Investing.com -- Barclays believes the path of least resistance for equities is still higher, supported by muted re-risking, resilient earnings, and favorable liquidity conditions.

Despite a market rebound in recent weeks, the firm notes that “mutual funds inflows stalled in May,” while hedge funds and CTAs remain “under-exposed to equities.”

According to Barclays, “retail buying showed only a modest pickup,” and although allocation to equities remains high, investor sentiment is cautious.

As a result, “systematic buying may help equities to keep grinding higher” as volatility stays contained.

The equity outlook is also being cushioned by improving fundamentals, according to the bank.

“Resilient earnings, a pick-up in buybacks activity and a steady rise in global M2 liquidity all favour equities,” Barclays said, even as concerns about U.S. debt sustainability temporarily flipped the equity-bond correlation negative.

Meanwhile, a rotation out of U.S. equities and into the rest of the world (RoW) appears to be gaining momentum.

“U.S. vs. RoW equity flows have started to turn and follow the dollar lower,” with global ex-U.S. equities “breaking out from their post-GFC range.”

While European investors haven’t sold U.S. assets aggressively, “U.S.-domiciled investors sold U.S. equities and bought into RoW equities last month.”

European equity demand “remains steady,” especially from domestic investors, and EM equities have also benefited from a weaker dollar.

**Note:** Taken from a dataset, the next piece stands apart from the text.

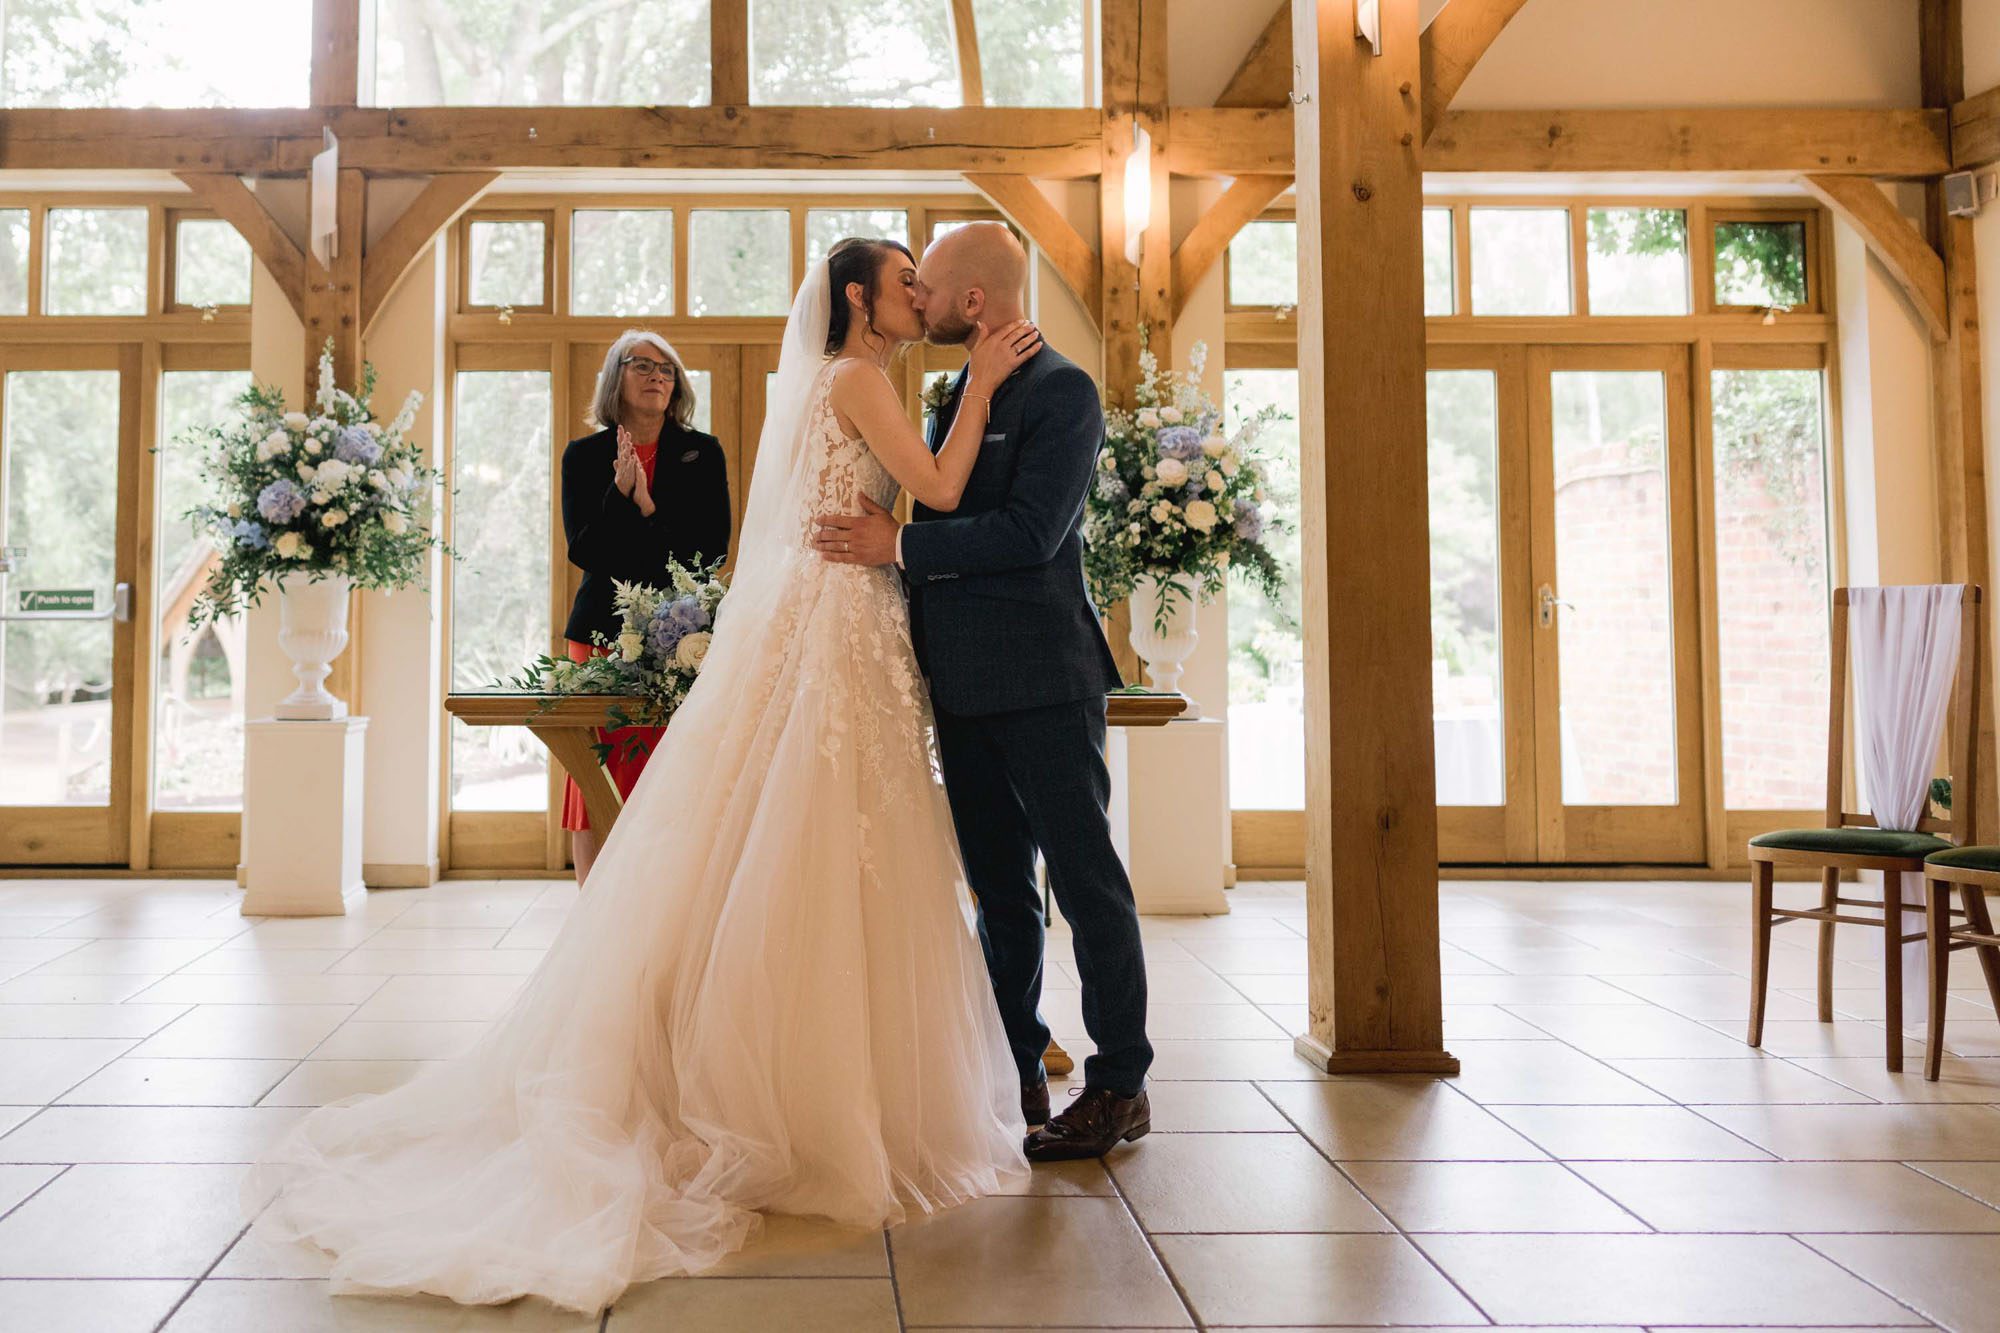 Bride and groom kiss on their wedding day during the ceremony at Rivervale Barn in Hampshire.

Japan saw equity inflows pick up, though fiscal concerns led to bond outflows.

Sector rotation trends are also said to suggest opportunity. “Cyclicals outperformed in May and saw inflows pick up,” Barclays said, while crowding remains low in EU exporters, autos, consumer cyclicals, energy, and AI plays.

Among the current market risks, Barclays lists potential “pain trades” as “higher equities, lower yields, higher USD, US>ROW, Cyclicals>Defensives, Growth>Value, and EU exporters>domestics.”